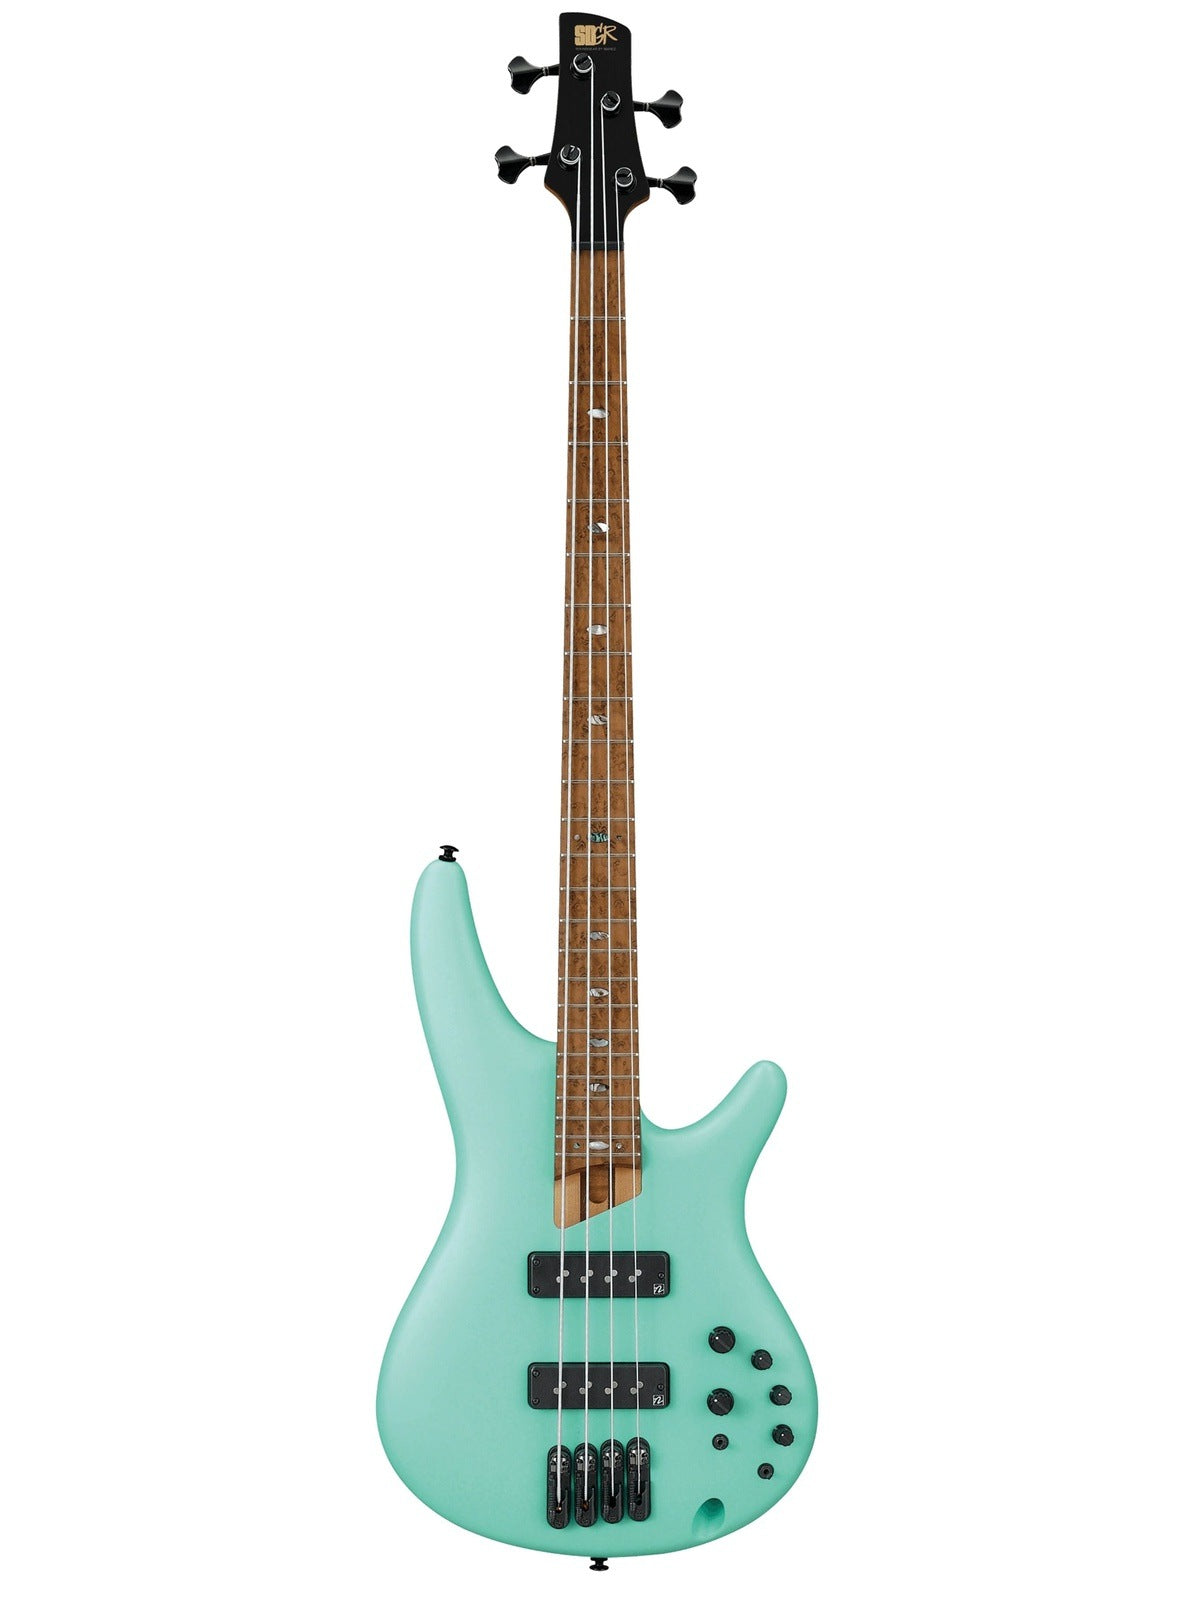 Ibanez SR1100B Electric Bass, Sea Foam Green Matte Demo Model, discontinued
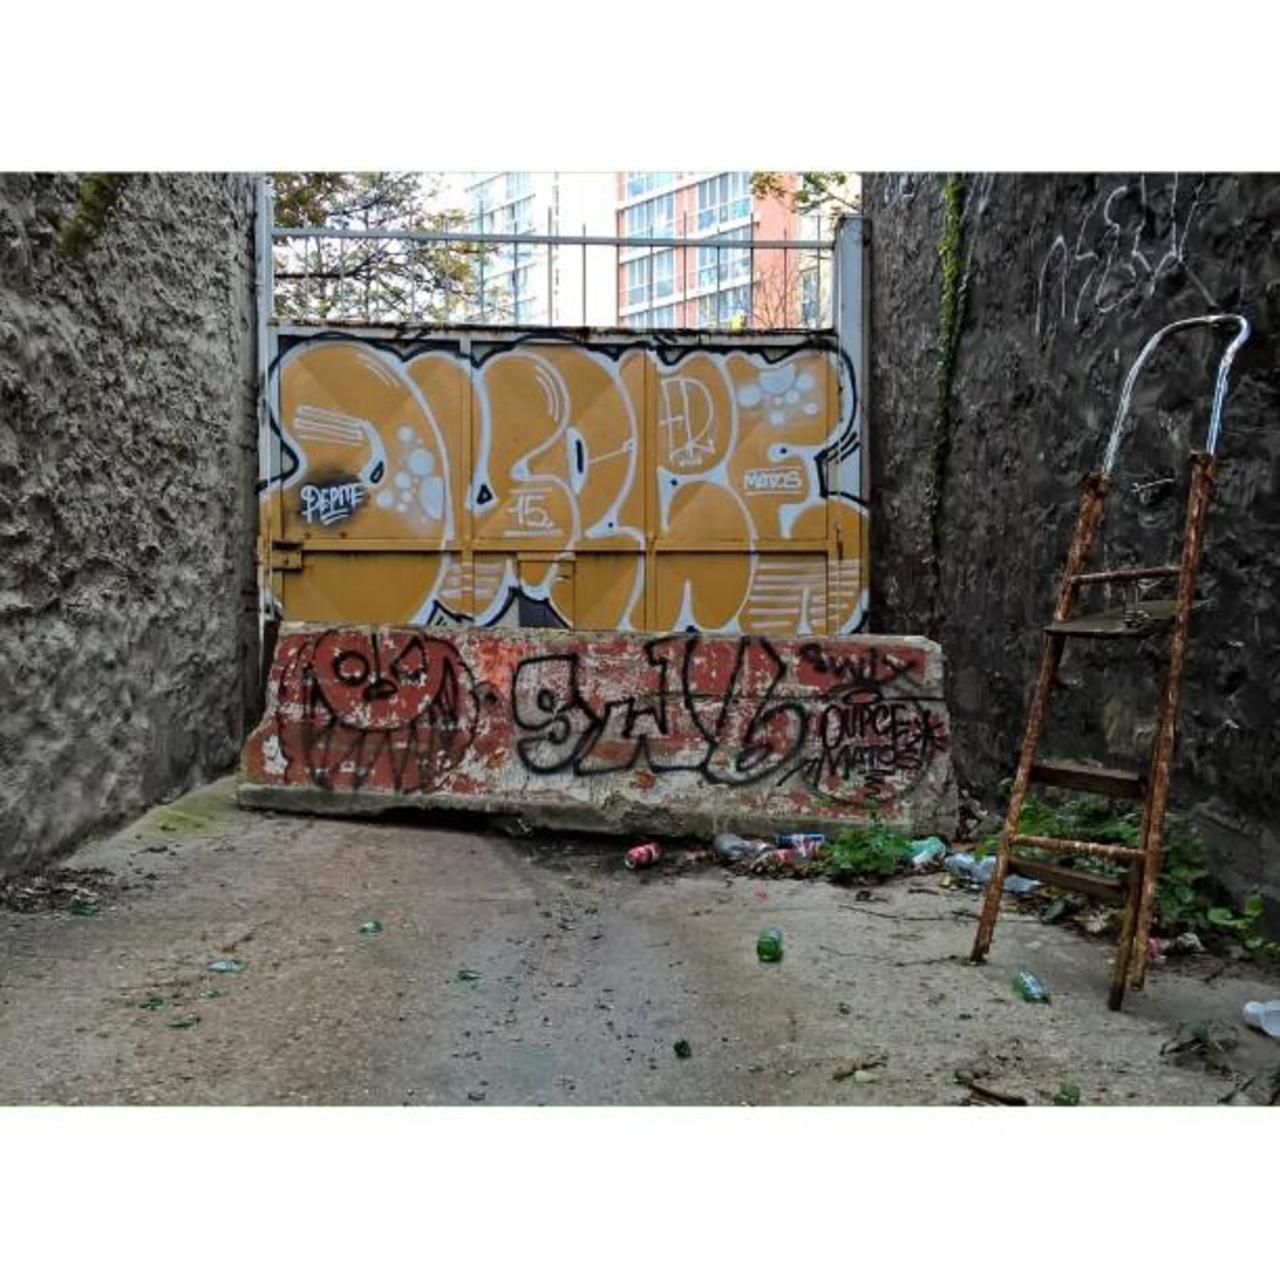 #Paris #graffiti photo by @maxdimontemarciano http://ift.tt/1Lidr5A #StreetArt http://t.co/CrqGUaGklK
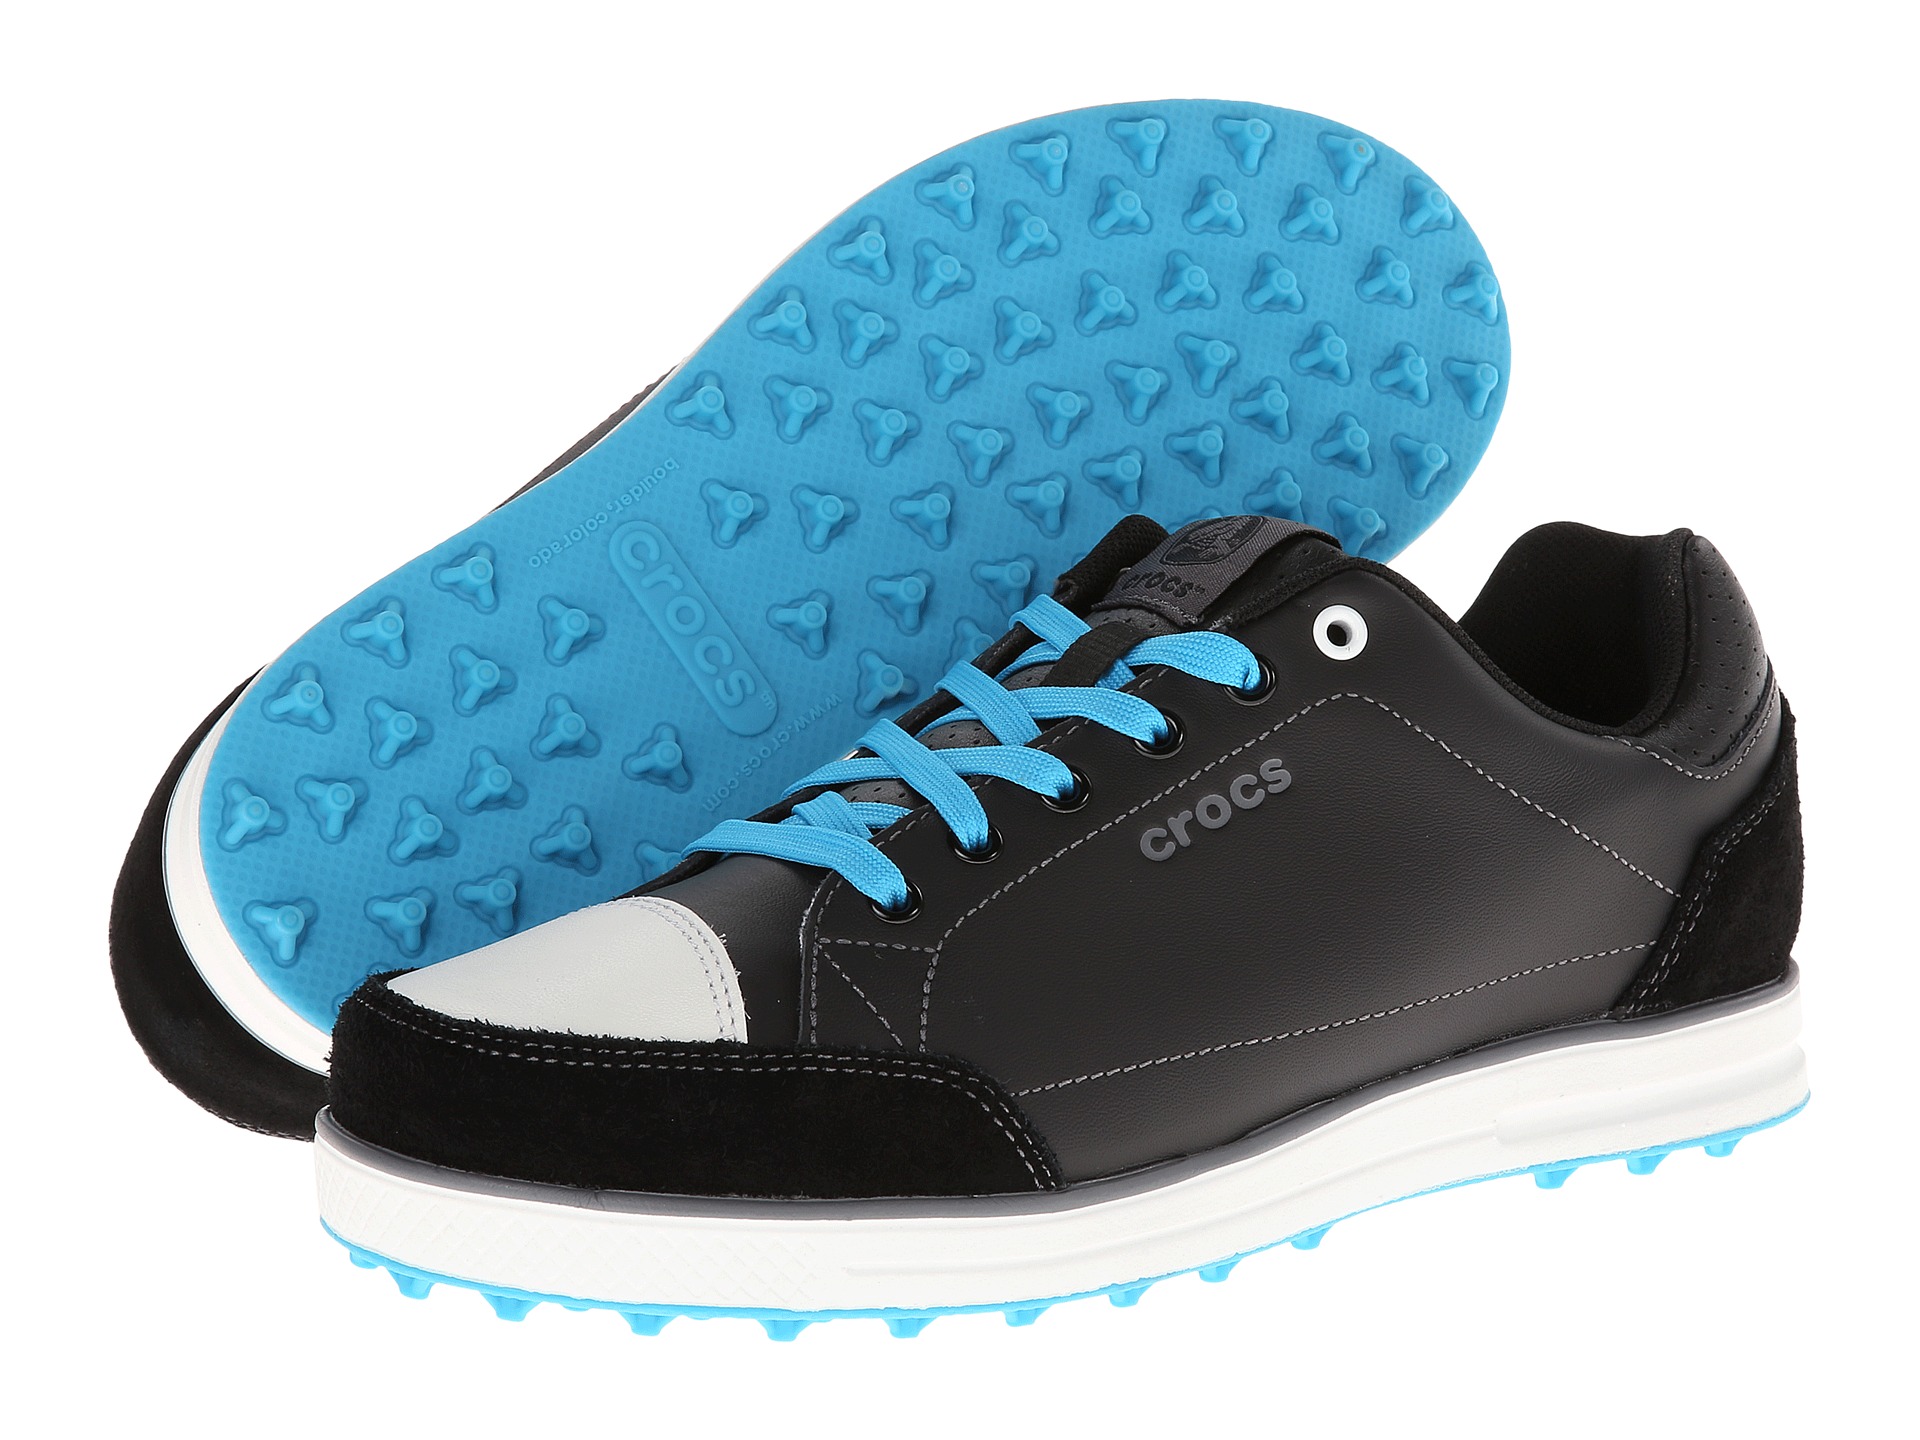 Crocs Karlson Golf Shoe M, Shoes | Shipped Free at Zappos

▶ TASK DESCRIPTION
Without the pictures, give every line above again exactly.

▶ TASK OUTPUT
 Ibanez SR1100B Electric Bass, Sea Foam Green Matte Demo Model, discontinued
 #Paris #graffiti photo by @maxdimontemarciano http://ift.tt/1Lidr5A #StreetArt http://t.co/CrqGUaGklK
 Crocs Karlson Golf Shoe M, Shoes | Shipped Free at Zappos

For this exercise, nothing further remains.